Importance of Security Testing in DevOps & DevSecOps Practices -Part 1
When we talk about DevOps and DevSecOps means we are talking about their practices. Organizations always try to focus on that practices so they can follow "DevOps Culture" and achieve their goals.. but really are we understand the importance of Testing in "DevOps Universe" ?
Testing itself too big on its own and something its a kind of huge tree and types of Testing its like a branches of that tree.

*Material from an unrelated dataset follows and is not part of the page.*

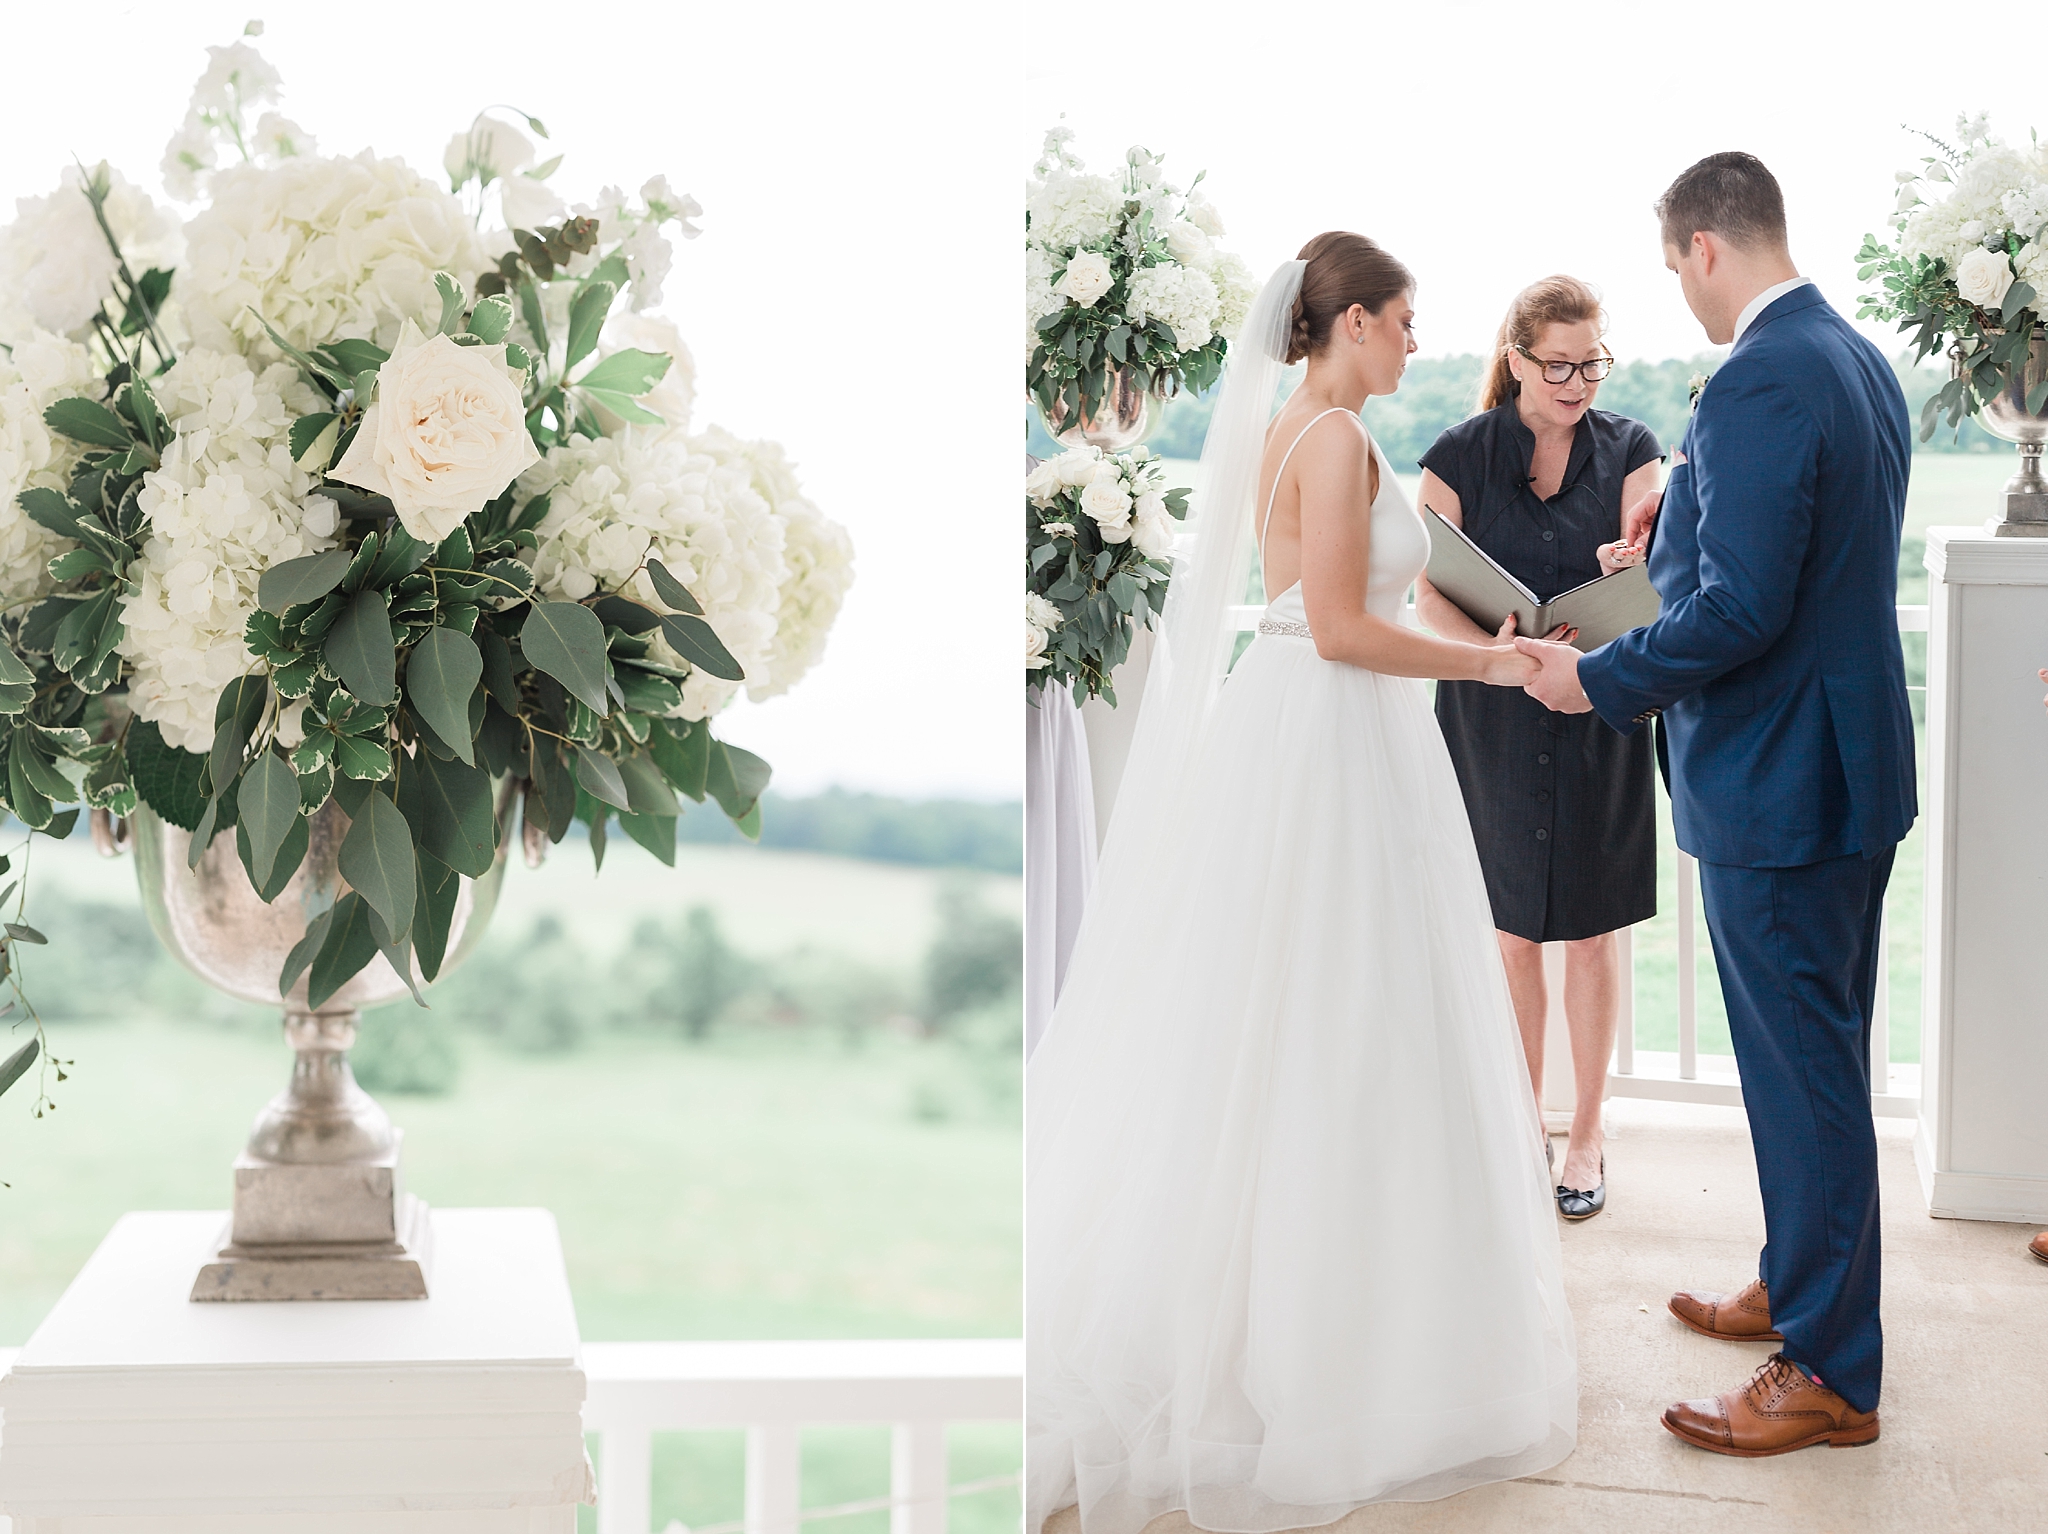 This elegant Rixey Manor wedding featured a soft color palette of blues, greys, and sage and was photographed by DC photographer, Alicia Lacey.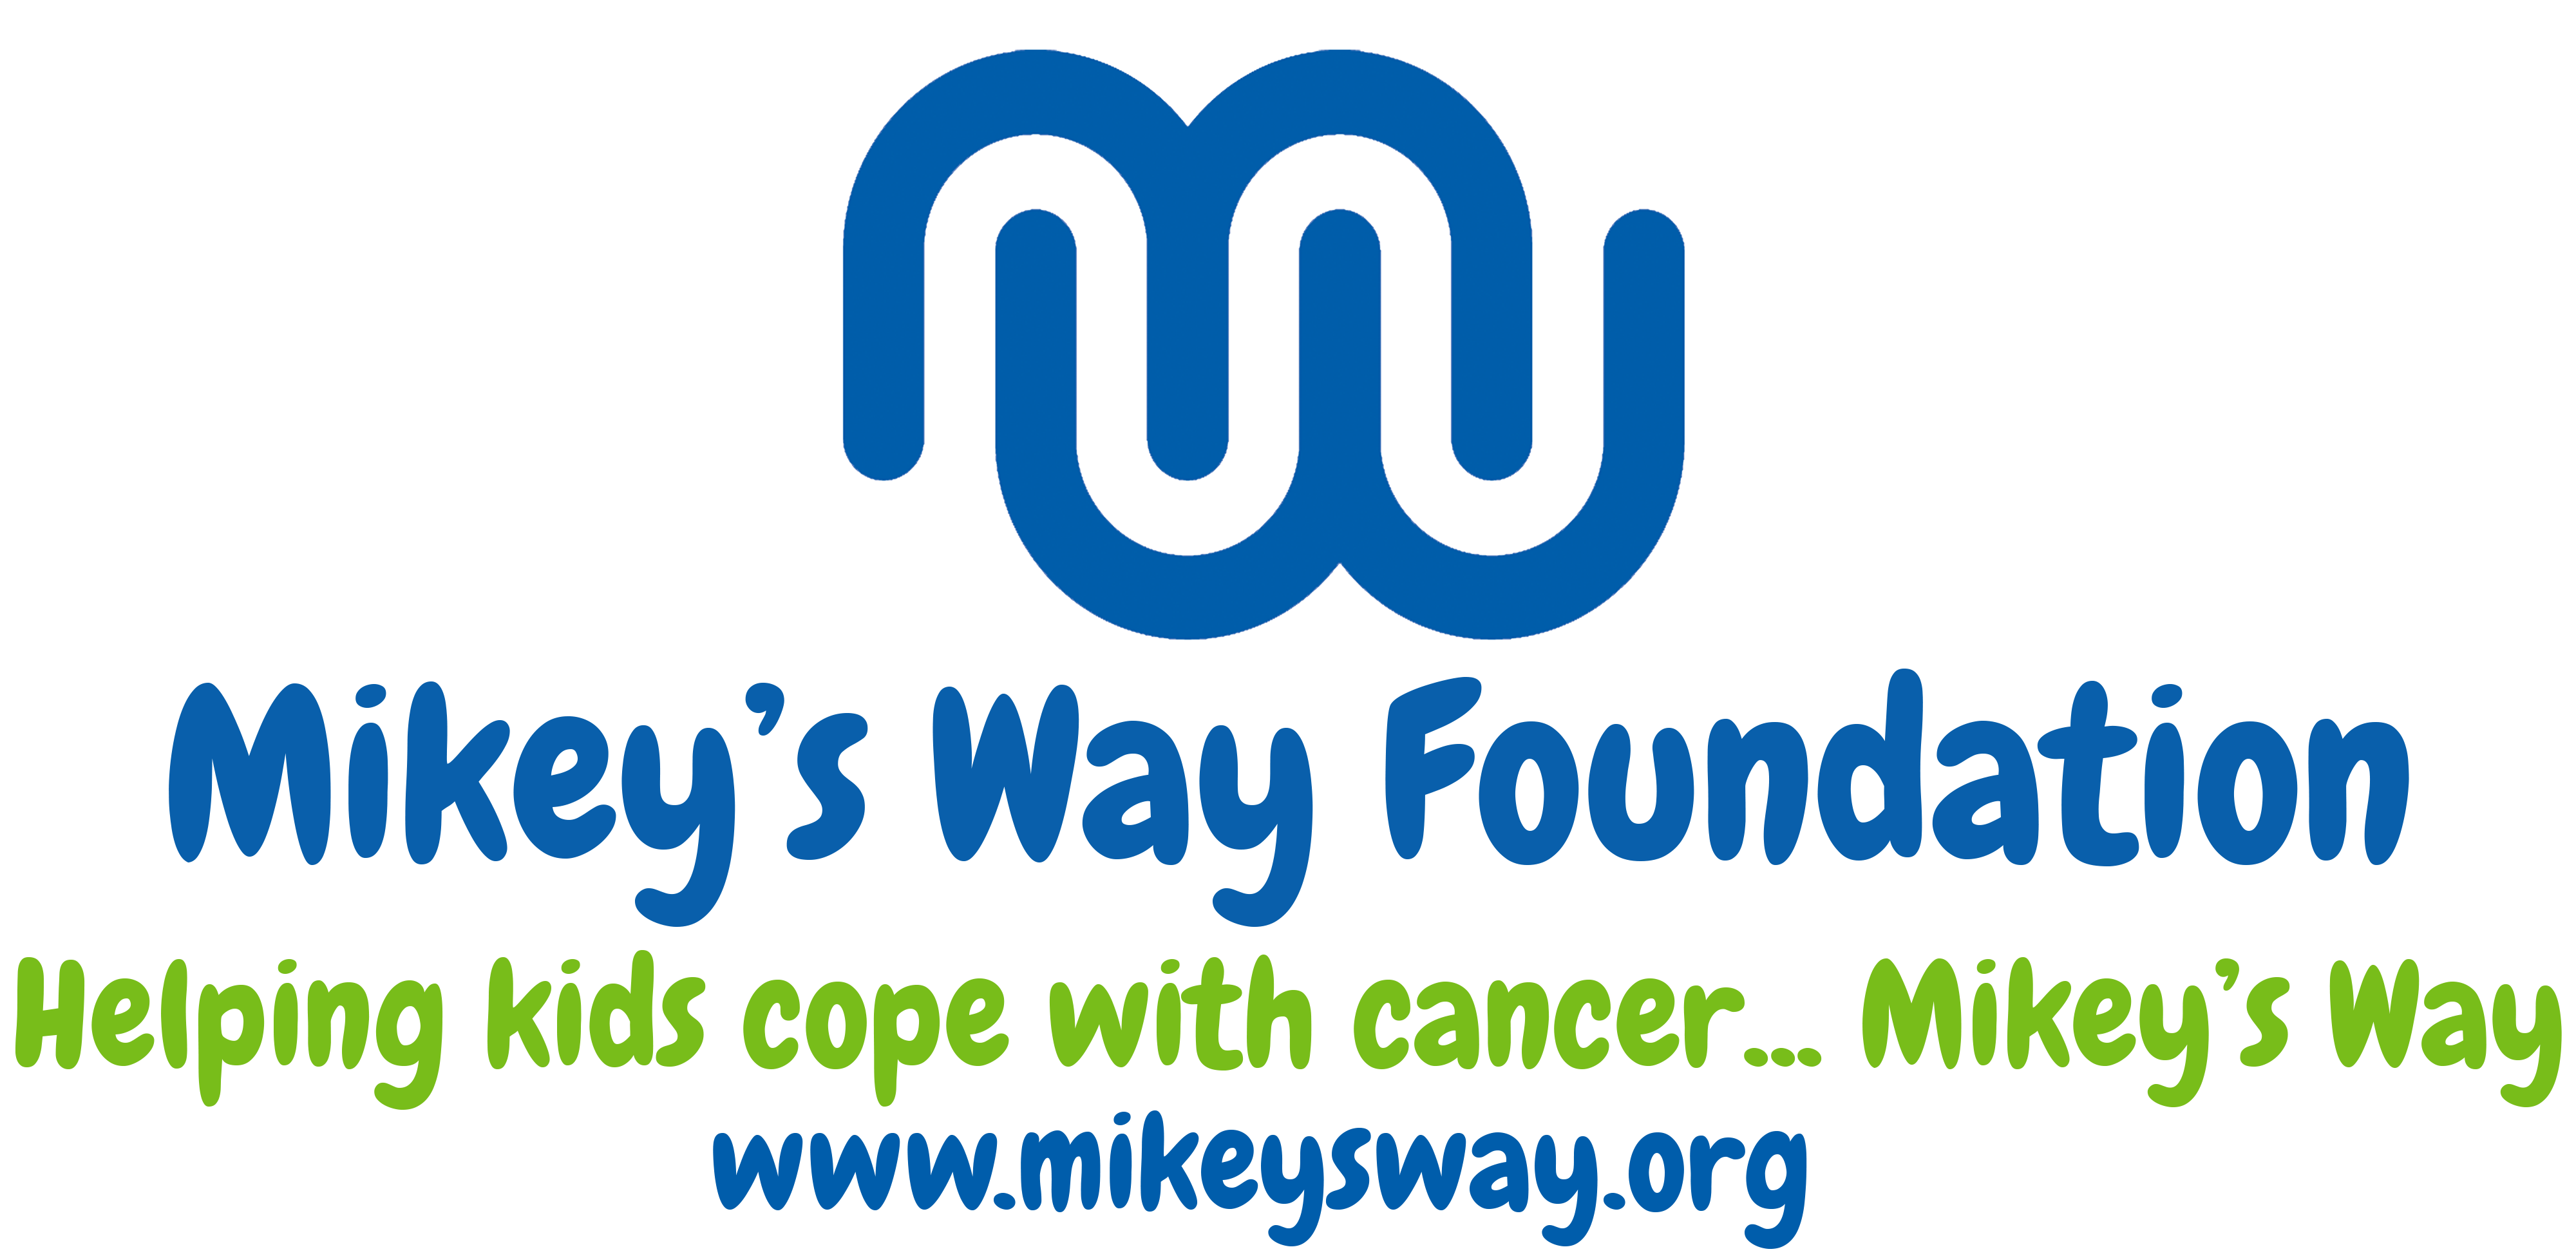 Helping kids cope with cancer... Mikey's Way

Currently in IT world we have 100+ types of testing and related their tools but its true that we don't use all tools and its not required as well but since we all are practicing DevOps culture we always focus on CI/CD , Infra as code , Containerization and Orchestration but during implementing of security in our Enterprise Pipeline (DevOps & DevSecOps) the most important thing is Security Testing.
We do testing of Infra but for me the role play by testing of security in Enterprise pipeline is like "guardian of the children".
Basically we define testing of security as a part of Security as code.
Here are some best practices for Security as code -
- Privilege Management
- Define Policies
- Internal Build and deployment security
- Test policies for Security
So the 4th point is very much significant as a part of practices .
When we talk about Test polices means we are covering most of area of our application like Network security , database security and application.
Security Importance in Business domain
All are the Business domains are important in current IT growing Industry but some of the processes and domains are much critical like Banking, Payment Card Industry (PCI), Financial Institutes, Insurance domain, telecom and Government Institutes.